- Direct Support Workers
- Technology Experts
- Postsecondary Educators
- Primary Educators
- Secondary Educators
In this session we introduce and demonstrate the Classroom Teaching (CT) Scan. The CT Scan is an observational tool designed to capture teachers’ instructional practices in real time and then aide in delivery of coaching. Resulting data provides portraits of lessons including raw counts and percentages of time spent using various teaching practices, and ratios of instructional time to non-instructional time.

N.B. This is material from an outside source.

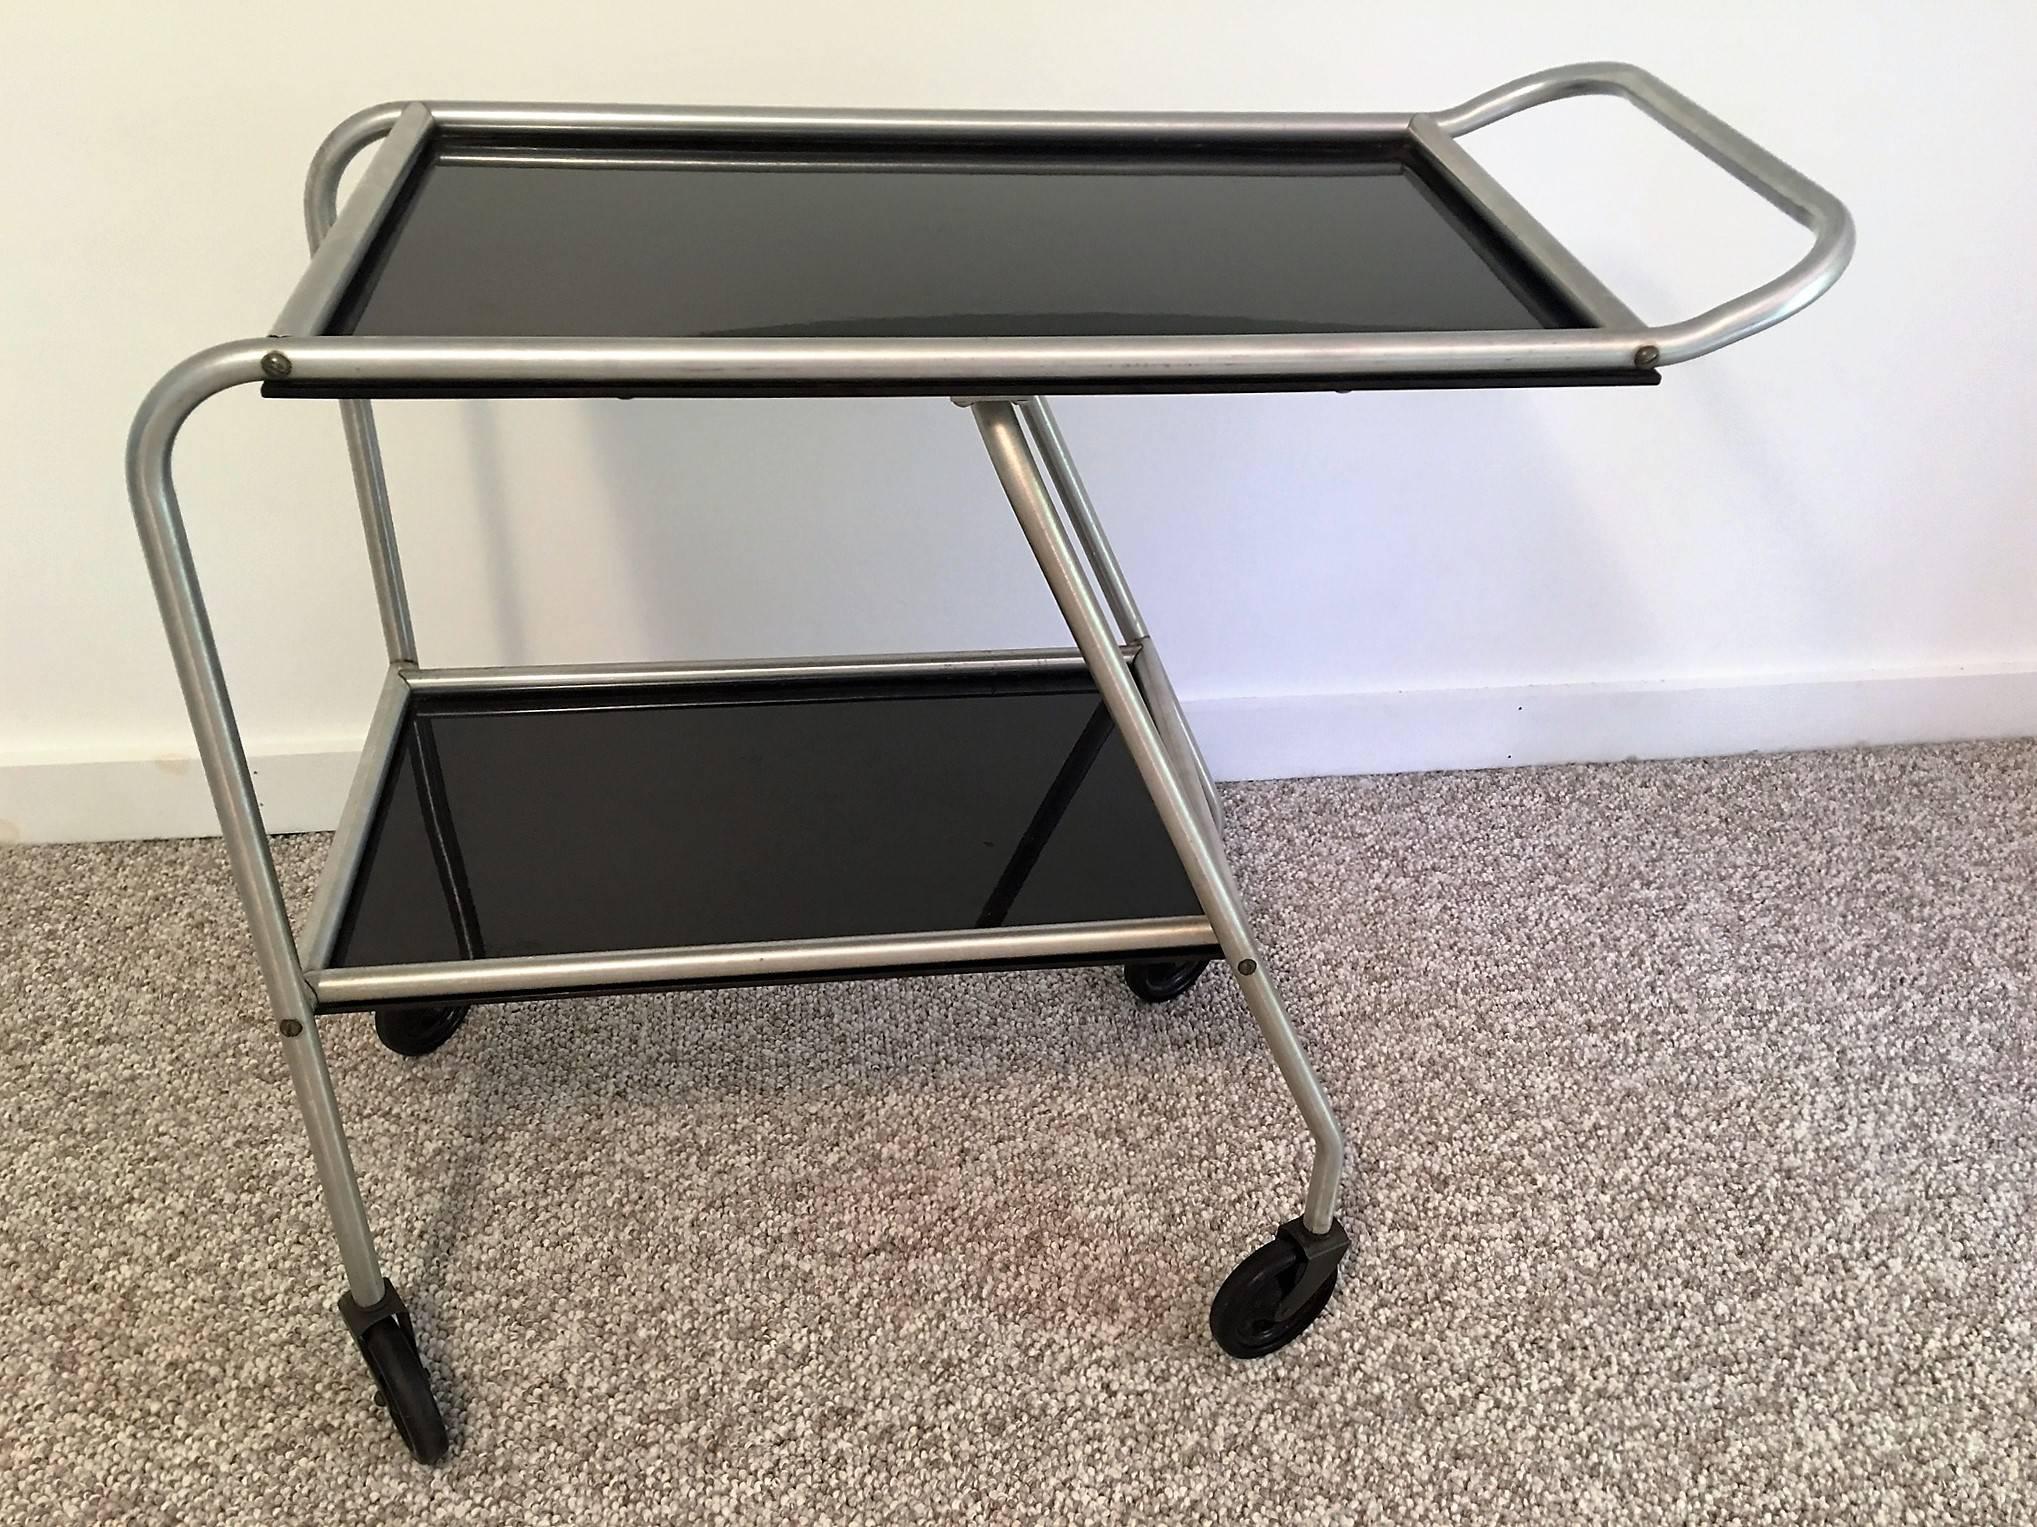 A great iconic bar cart designed in the 1930s called the aero art bar cart made by Frantz industries. Used in the 1930s on the DC-3 airplane by stewardesses serving cocktails. Composed of black bakelite and aluminum this aerodynamic cocktail cart is

The CT Scan app is a cross-platform, standalone application that is straightforward to use, easily reconfigurable and customizable for a variety of scenarios. After entering details about the observation (e.g., teacher name, grade level), the user sees the main observation screen where classroom events and their occurrence times are recorded. A default list of practices is provided; users can customize these to reflect a specific scenario. Following the observation, the user answers summary questions and rates the teacher on several criteria. The app displays results in pie charts to facilitate rapid visual assessment of practices. A color-coded “timeline” is generated to show the temporal sequence and relationship of teacher and student actions, vocabulary words, visual aids, and responses.
The timeline and performance summary are available to review with instructors immediately after an observation. Raw data are stored to a file for inclusion into an offline database for a posteriori analysis. The database allows calculation of user-defined performance statistics for each instructor, including time-series charts of performance characteristics. Furthermore, advanced causal relationships between student and teacher actions can be identified, and teacher patterns can be determined based on these relationships, which allows for specific, performance-based feedback.
The aims of this session are to introduce the constructs on the CT Scan and demonstrate its operation and outputs. We will introduce preliminary reliability and validity data and discuss future research plans. We will also solicit feedback from audience members regarding the design and uses of the CT Scan as an observational tool.
- Learners will understand the development steps undertaken in developing the CT Scan and app and will hear preliminary reliability and validity data.
- Learners will understand the conceptual differences between the CT Scan and other popular observational tools (e.g., CLASS, Danielson framework).
- Learners will understand the outputs of the CT Scan app and how these outputs relate to professional development.
- Audience members will have the opportunity to interact with the CT Scan App.
- Audience members will be encouraged to ask questions through the presentation regarding tool development and design.
- Audience members will be encouraged to provide feedback on the app design and outputs to inform future iterations of the app.
Michael Kennedy is an Associate Professor of Special Education at the University of Virginia. His research focuses on providing pre- and inservice teachers with learning experiences that translate into improved implementation of evidence-based practices and outcomes for all students.